14:44 - 25/05/18 por Lusa

Política Catarina Martins

"Este é o momento de nós em Portugal compreendermos o problema muito grande que está a acontecer com a laboração contínua e com o trabalho por turnos. Cada vez em mais setores há trabalho por turnos, há laboração contínua. Cada vez há mais riscos de saúde para os trabalhadores em Portugal, porque estamos a falar de quem trabalha noites, quem não tem fins de semana", disse Catarina Martins.

A coordenadora do BE falava aos jornalistas à porta da fábrica de rolhas de cortiça Diam, após um encontro com cerca de duas dezenas de trabalhadores daquela empresa de Santa Maria da Feira, que decidiu começar a ter laboração contínua contra a vontade dos funcionários.

Catarina Martins realçou que o trabalho por turnos "penaliza a saúde dos trabalhadores, é culpado por mais acidentes de trabalho e não permite a conciliação da vida profissional com a vida familiar".

"Forçar o trabalhador a condições de trabalho que não são próprias é o que fica mais barato e nós temos infelizmente empresas de mais a decidir assim. Por isso também é que é preciso ter uma lei de trabalho por turnos que proteja os trabalhadores, para que não sejam a parte mais fraca", afirmou.

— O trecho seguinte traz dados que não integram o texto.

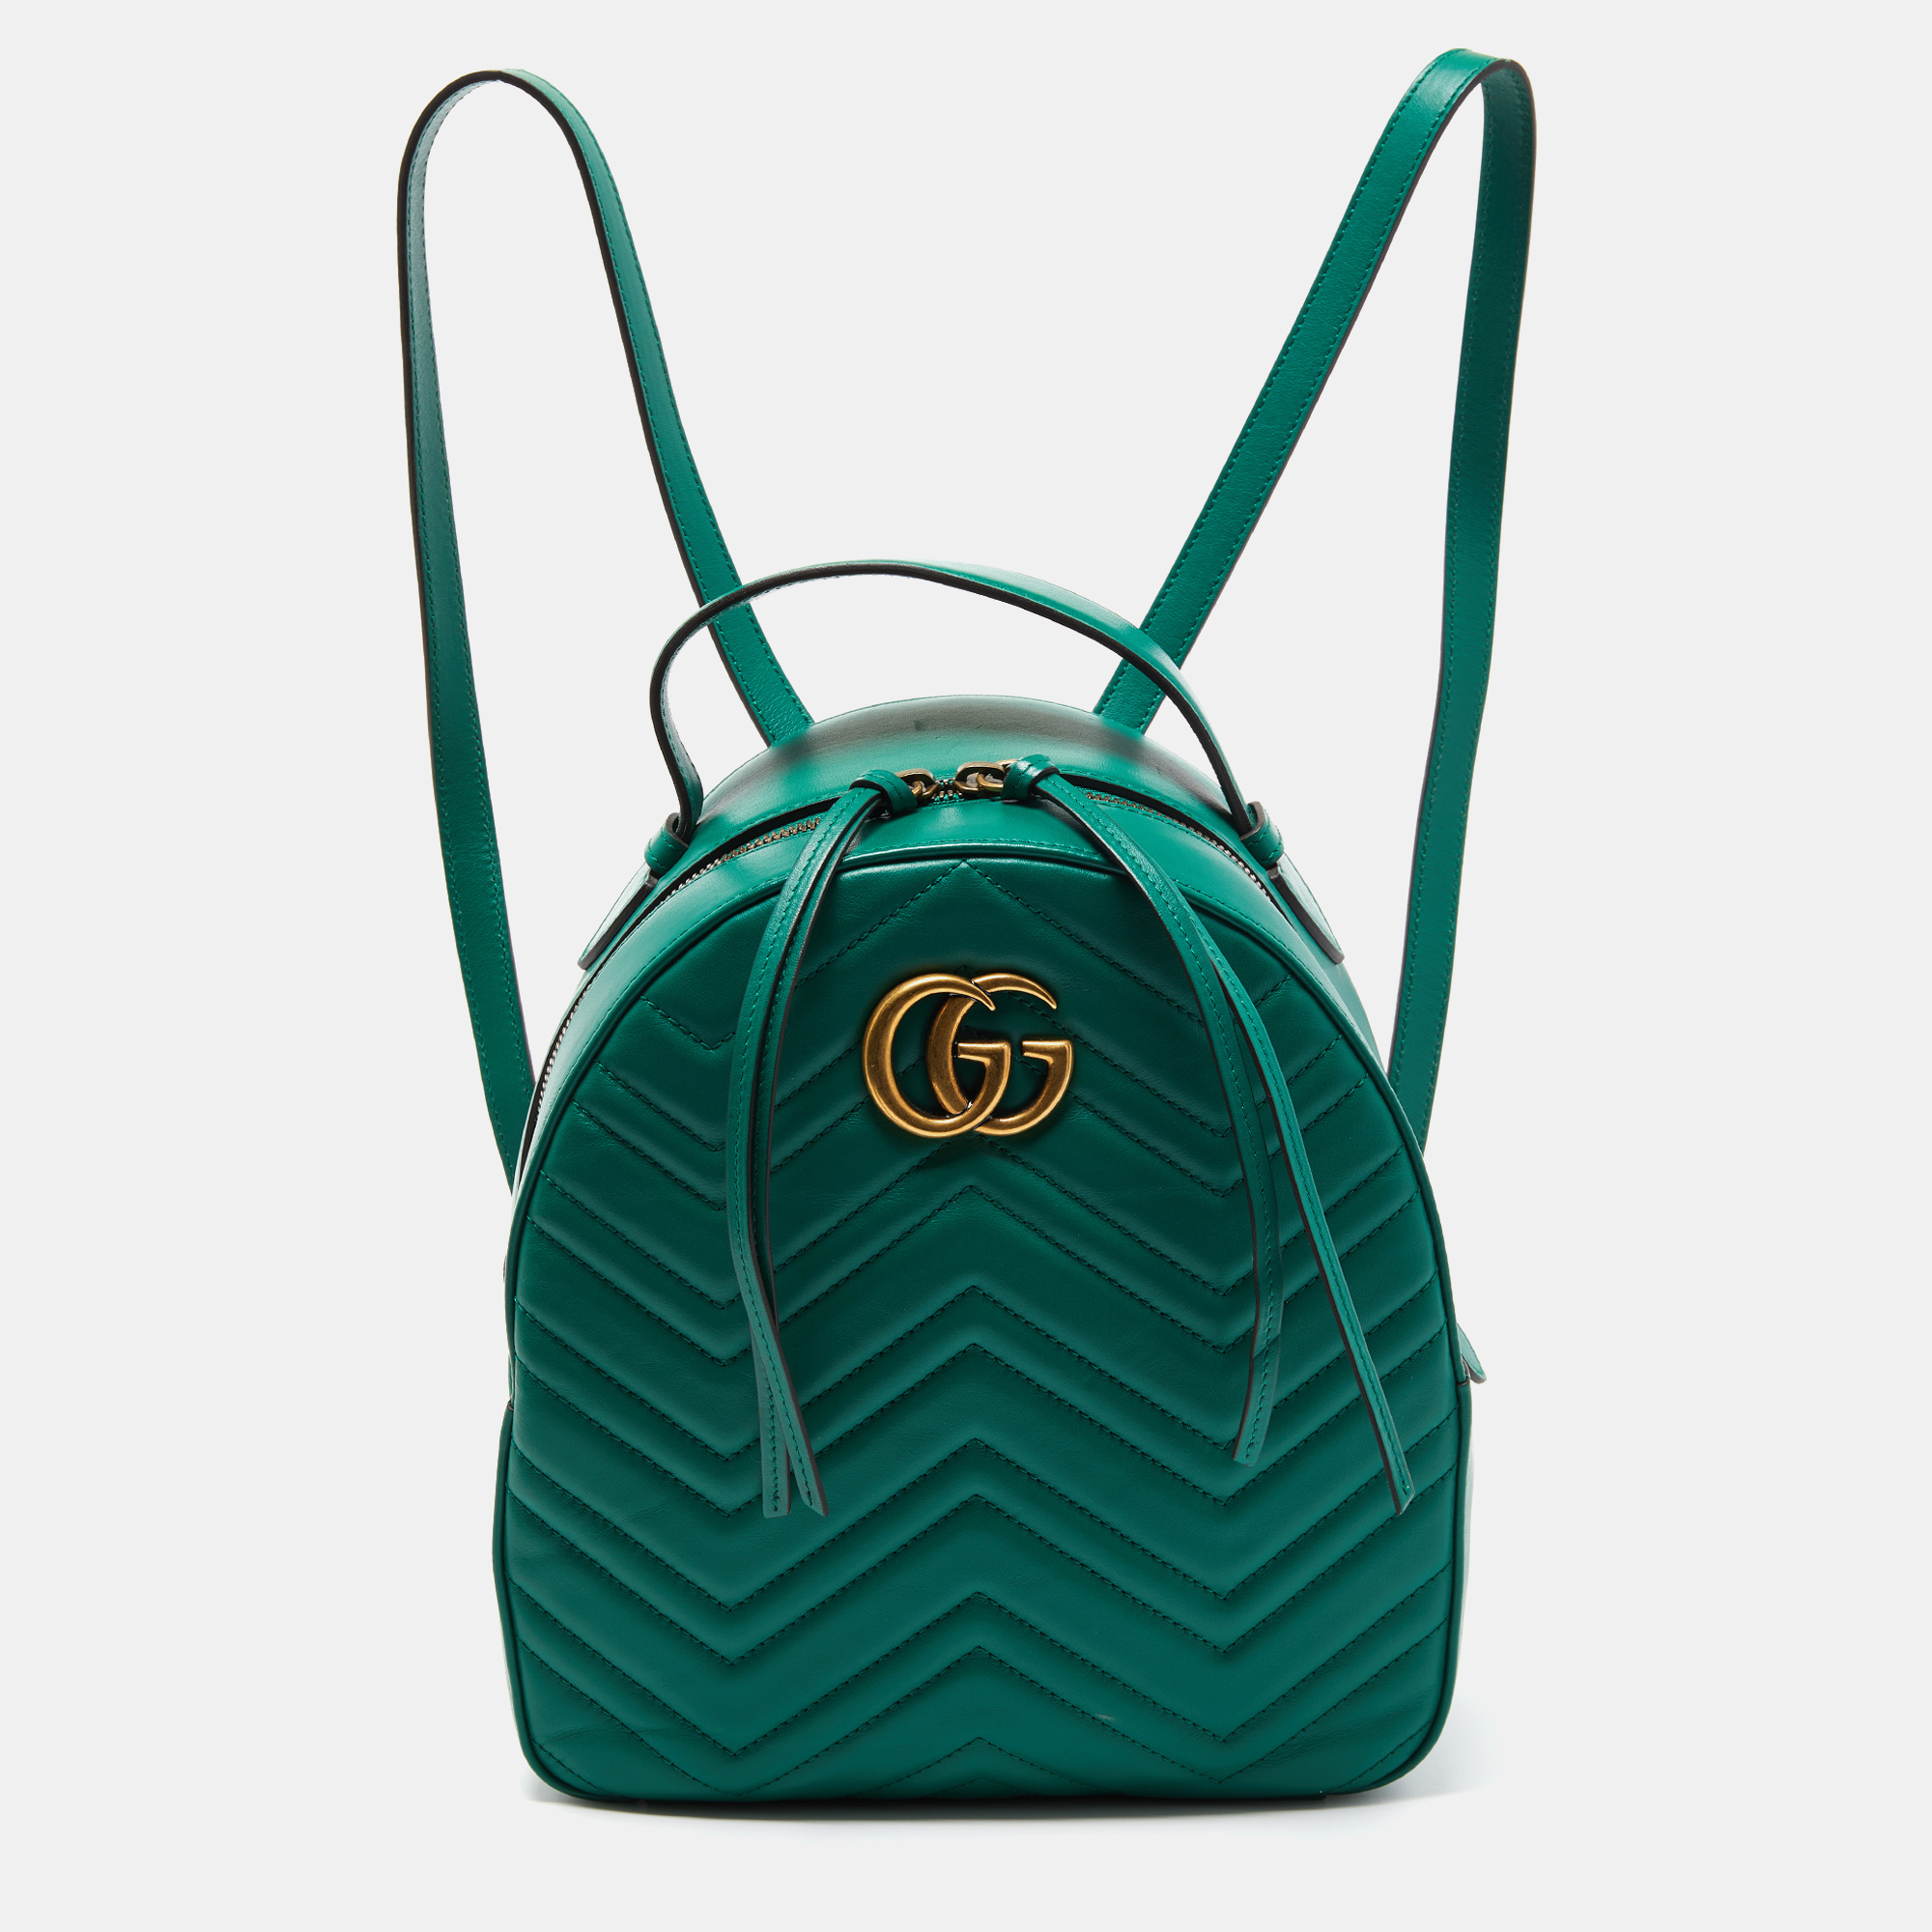 Pre-owned Gucci Green Matelassé Leather Gg Marmont Backpack

A coordenadora do BE apelou ao Governo para "abrir os olhos" para a necessidade de haver "regras mais claras" que protejam os trabalhadores do trabalho por turnos.

"Está na especialidade da comissão de trabalho há já muitos meses as alterações ao trabalho por turnos para proteger os trabalhadores e este é o momento dessas alterações irem para a frente", vincou.

Em declarações à Lusa, Filipe Silva, representante dos trabalhadores da Diam, disse que a empresa, com cerca de 150 funcionários, pretende implementar a laboração contínua a partir de setembro, tendo já recebido a autorização do Governo, apesar de 90% dos operários ter assinado um abaixo-assinado contra esta medida.

"Se for preciso vamos fazer uma greve, porque as pessoas não querem trabalhar aos sábados e domingos. O desgaste dos trabalhadores já é muito grande, porque fazem três turnos rotativos. Todas as semanas mudam de horário e isso é muito penalizador para a saúde das pessoas", disse.

A situação é mais grave para os casais que trabalham na mesma empresa, como é o caso de Susana Ramalho, que está há quase 12 anos na Diam, onde trabalha com o marido.

"Eles disseram-me que ou trabalhávamos os dois o mesmo turno e pagava a alguém para ficar com o meu filho em casa ou então, enquanto o meu marido trabalhasse, eu estava em casa e vice-versa. Ou seja, não ia ter vida nenhuma de casada com o meu marido e o meu menino tem de ter um pai e uma mãe presente na vida dele", disse esta funcionária, adiantando que se a medida for avante terá de mudar de emprego.